Chaerodes trachyscelides White is a highly specialized, flightless burrowing beetle confined to the narrow strip of sand at and just above high water level on sandy marine beaches in New Zealand. Although the ventral surface of the beetle is always pale, the dorsal surface varies from pale to almost black. Large samples of this beetle were taken, together with the sand, from 11 beaches on New Zealand's three main islands. The colour of the dorsal surface of each individual beetle and that of the sand samples was measured using reflectance spectroscopy and expressed as CIE L*,a*,b* (CIELAB) values. The L* values, which are objective, quantitative measures of the degree of lightness of the beetles, were subjected to statistical and frequency analysis. Although the species was very variable in colour and the variation appeared to be continuous, a highly significant correlation was obtained between the mean of the L* values for the samples on each beach and that of the sand, the correlation coefficient being 0.961. This close association between the lightness of the beetles and that of the sand suggests the variable melanism functions as cryptic colouration.
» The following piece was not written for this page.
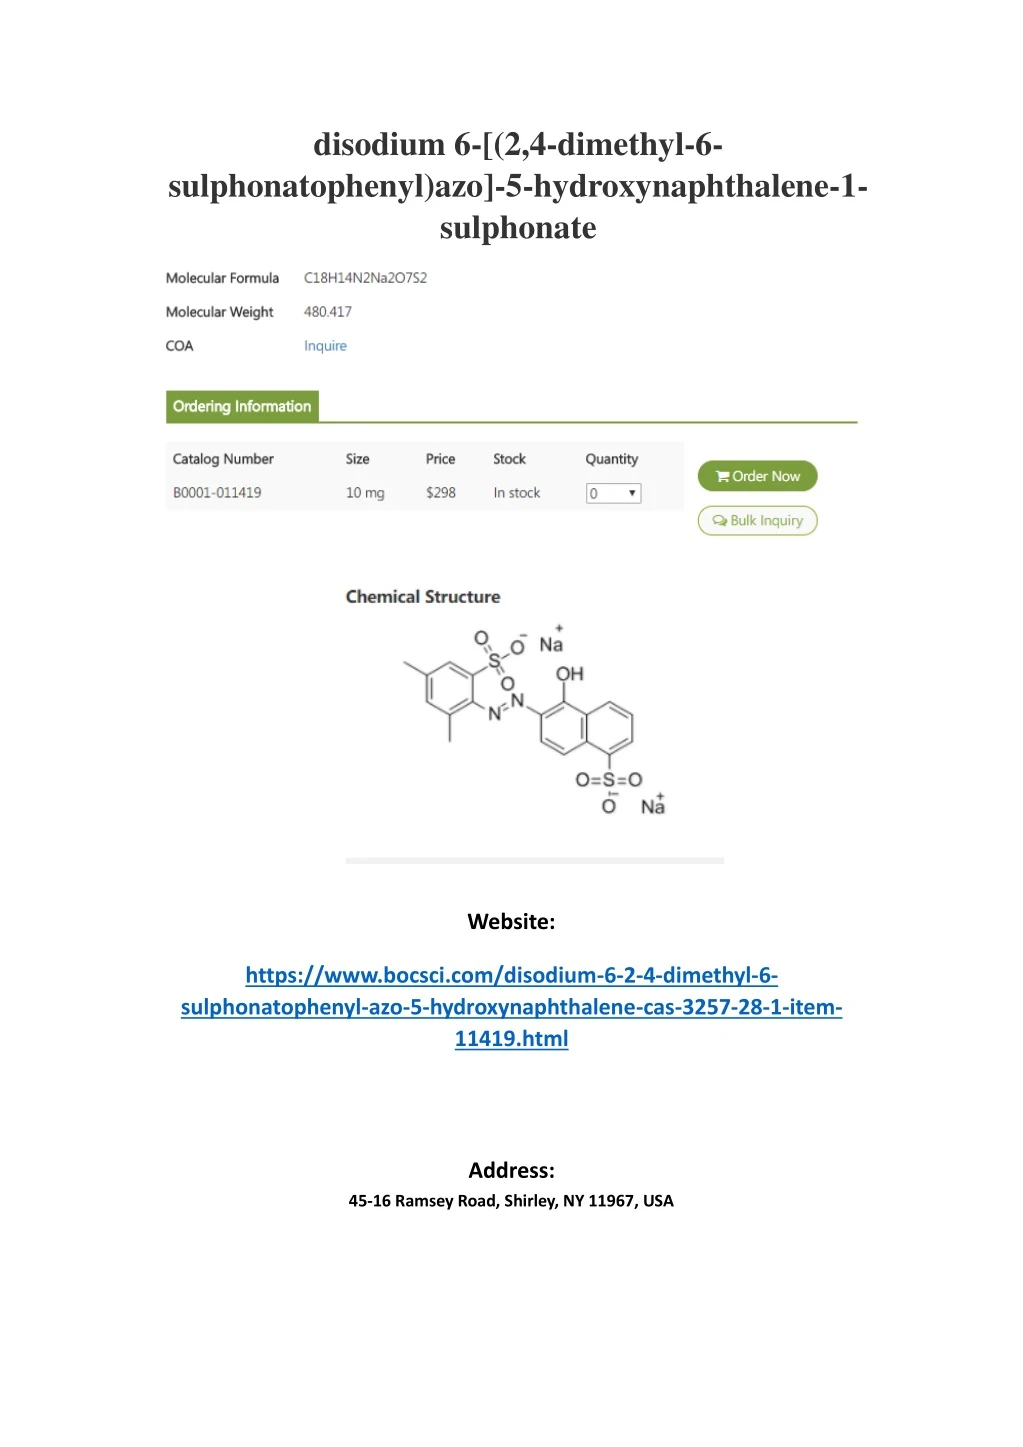 disodium 6 2 4 dimethyl 6 sulphonatophenyl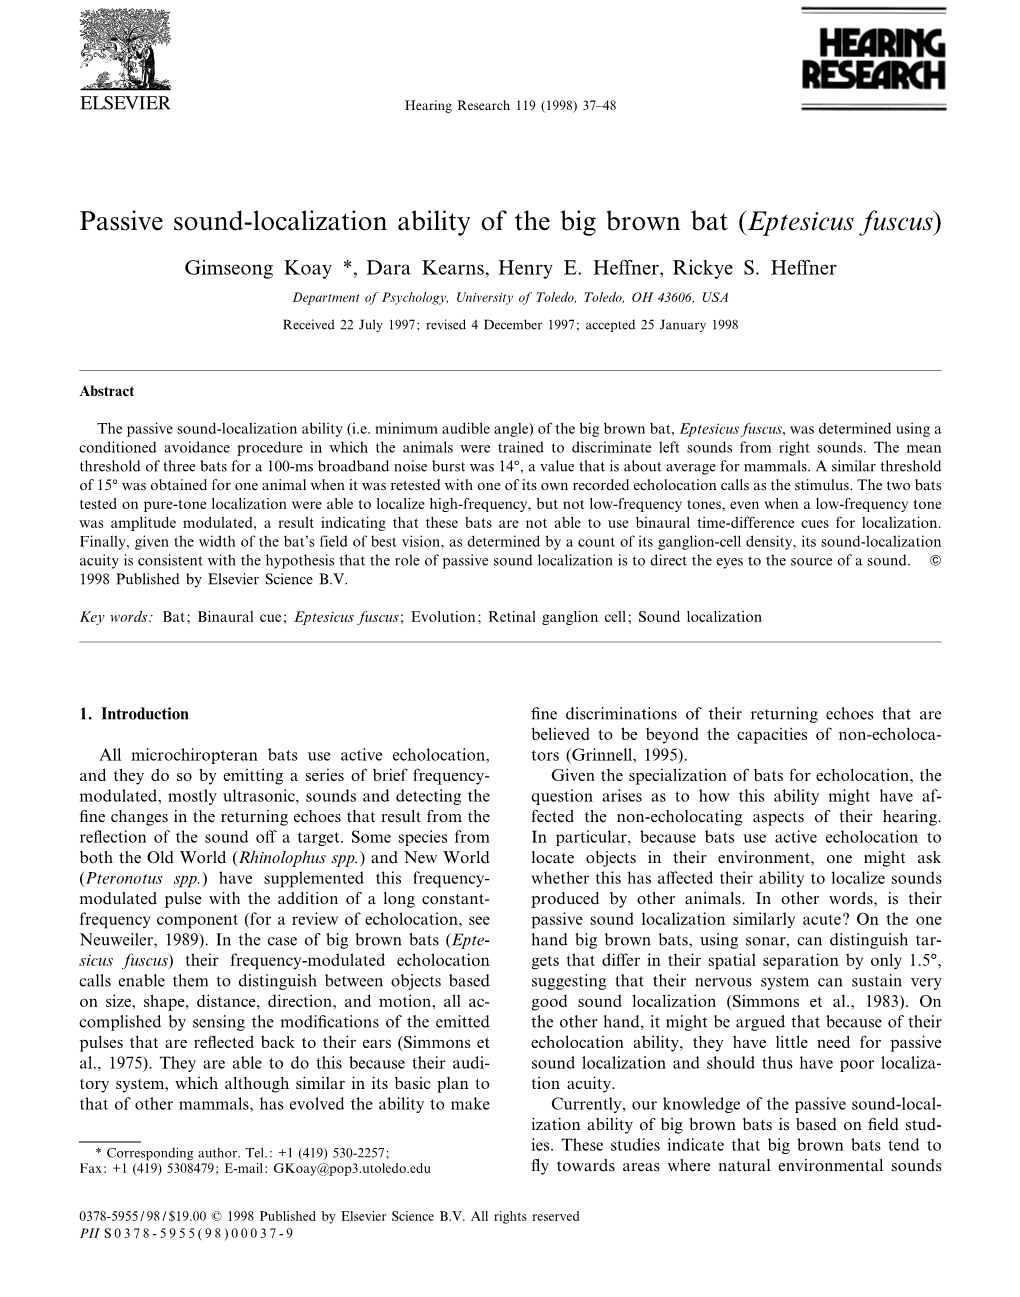 Passive Sound-Localization Ability of the Big Brown Bat (Eptesicus Fuscus)

On most beaches, the distribution oflightness among the beetles sampled conformed to a normal curve. For beetles from sites where the sand was relatively uniform, such as the black Taranaki beaches, the L* frequency distribution curves were narrow and the coefficient of variation of mean beetle colour was relatively small indicating low colour variability. In contrast, the greatest within-site variability occurred on the two Stewart Island beaches sampled, where in each case there was less uniformity in the colour of the sand. At one of these sites, Maori Beach, darker sand present below the high water level is often deposited on the zone occupied by the beetles after storms. On Lonneker's Beach, the distribution of L* values among the beetles sampled was actually bimodal. On this small beach, there was an area of intensely black sand in the zone occupied by the beetles, but most of the rest was covered with light golden sand. These results are interpreted as evidence that the variability of colour of Chaerodes beetles has the effect of populations being able to match the colour of the sand of their home beaches, presumably as a consequence of the differential survival of individuals.